We designed a new multi-locus genotyping method, the Divergence Island SNP (DIS) genotyping assay, to improve our ability to detect and distinguish hybrids and backcrosses between the M and S forms of A. gambiae. Based on comparison with DNA sequence data, we show this approach to be more accurate than the widely used single locus Favia PCR and Fanello RFLP assays based on polymorphism in the 28S locus. The discrepancy between DNA sequence and these assays was mainly due to the overestimation of hybrids. This discrepancy may have been overlooked when reading gels due to expectations that M and S hybrids are rare in nature. In populations where hybridization is low, this bias would result in few “questionable” bands on gels and consequently few mis-identifications. However, the bias is clearly more problematic for populations with high gene flow (Caputo et al. 2011; Marsden et al. 2011; Santolamazza et al. 2011). The RFLP method for genotyping DIS in autosomes developed by White et al. (White et al. 2010) also shows a similar tendency to overestimate hybrids (Table 4). This was shown to be the result of difficulty in differentiating true hybrids from incomplete restriction enzyme cutting in these RFLP methods (Hahn et al. 2012).
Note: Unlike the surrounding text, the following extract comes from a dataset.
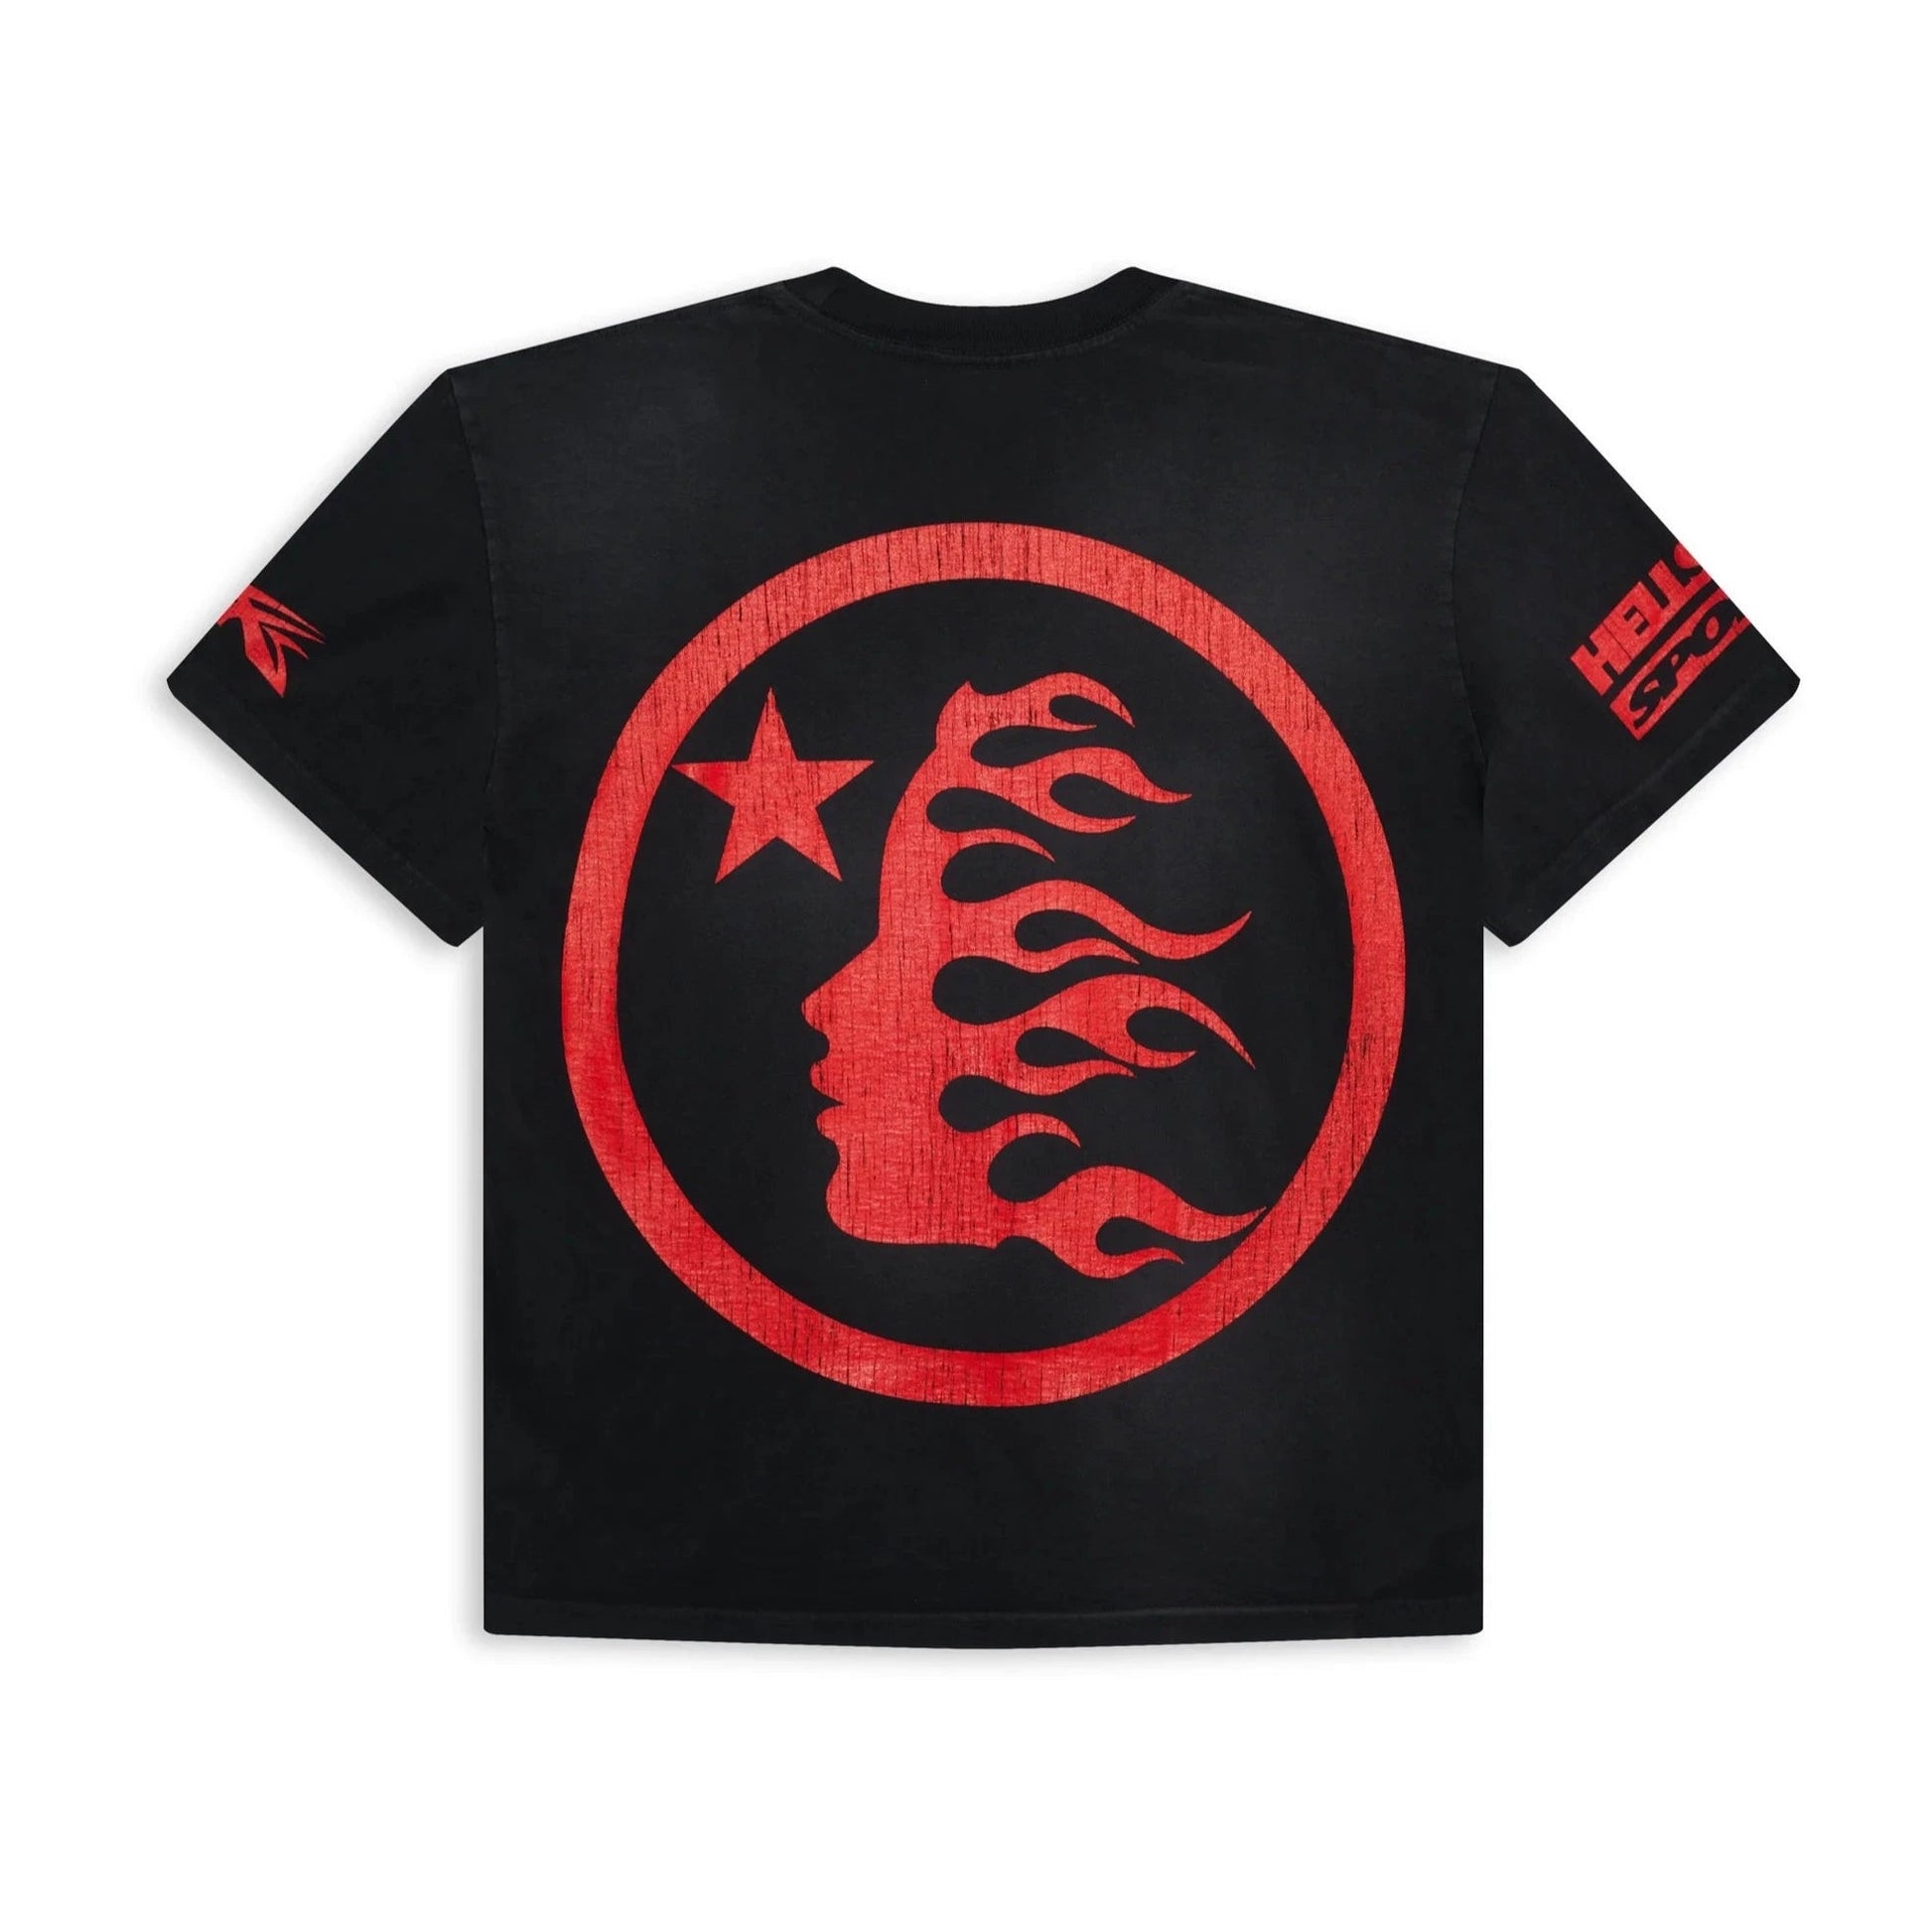 Hellstar Sports Beat Us! T-Shirt (Red/Black) - Sneakersbe Sneakers Sale Online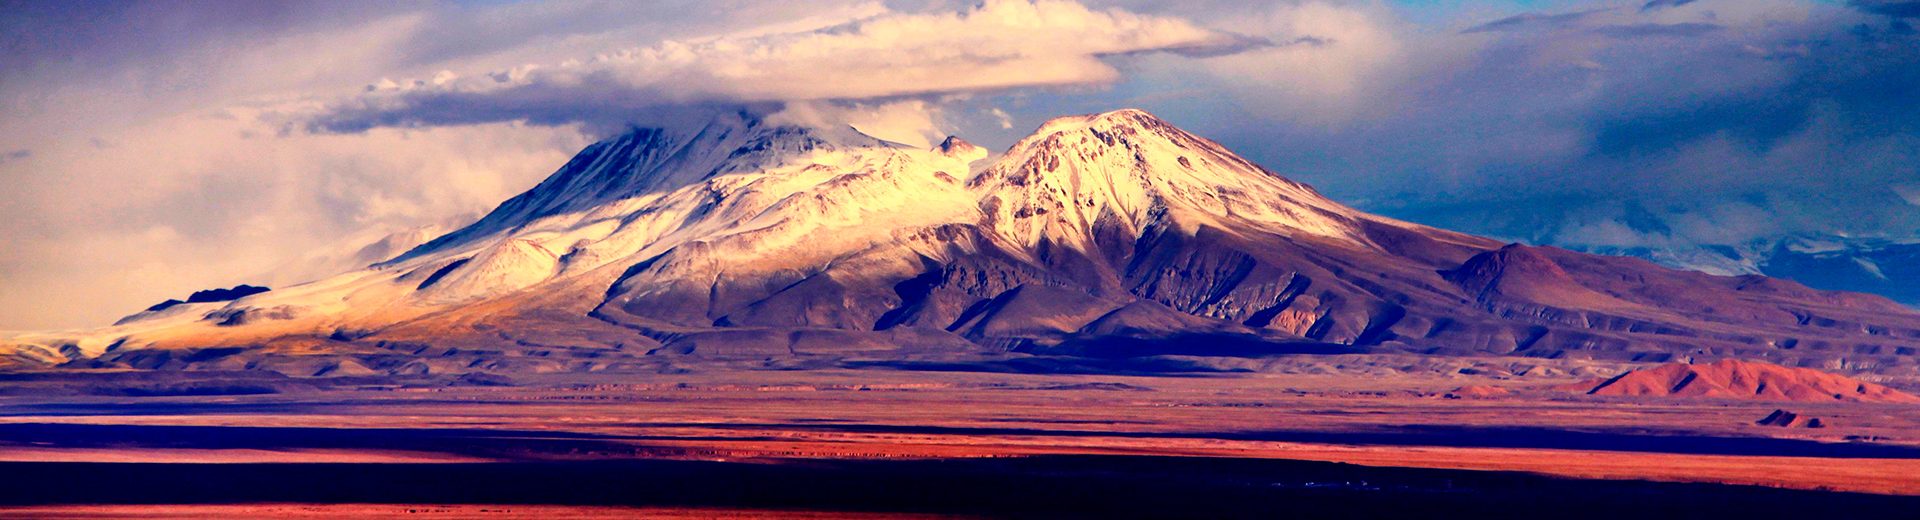 Deserto de Atacama: O deserto mais alto do mundo surpreende com suas belas paisagens

In addition to being more accurate than currently available methods, we have shown that the DIS assay can reliably identify M and S forms, as well as F1 hybrids and backcrossed individuals, thus providing additional information regarding hybridization and introgression among these populations. One important consideration for the DIS relates to the question of how many mismatched loci should be allowed before classifying an M or S sample as backcrossed (i.e. a samples that have M SNPs at all loci except one; is it classified as M or backcross?). In this study, we allowed up to 2 mismatched calls to give a conservative estimate of hybridization.

The DIS method can be applied to accurately identify M and S individuals, including from sites in coastal West Africa, where conventional methods fail (Caputo et al. 2011, Santolamazza et al. 2011). Therefore, the DIS method is the only currently available method for the analysis of these populations, which includes sites in Guinea-Bissau and The Gambia. The current methods have the disadvantage of incorrectly scoring backcross individuals that are homozygous for the X-linked markers currently used, therefore the DIS method is the only available method for accurately assessing patterns of introgression between M and S. A disadvantage to the DIS method, as described here, is that it requires a multi-SNP genotyping platform, such as the Sequenom iPLEX Gold platform, that is likely to be unavailable in many labs in West Africa. However there are genotyping core facilities and commercial labs that do provide SNP genotyping services, for example we utilized the UC Davis Veterinary Genetics Laboratory facility for this study. Our cost was $4.75 to genotype all 15 SNPs per sample. This is considerably more expensive than the single SNP genotype, agarose gel-based assay currently in use, which is about $1.50 per sample and provides limited and possibly erroneous information. An obvious improvement to the single SNP assay would be to include a 3 SNP assay, with one SNP per chromosome. If this were done on an agarose gel platform the cost would be $4.50, not much less than the DIS method. So, although somewhat more expensive the DIS method allows investigators to explore problems related to hybridization and introgression of the M and S forms at the population level that were previously difficult to achieve.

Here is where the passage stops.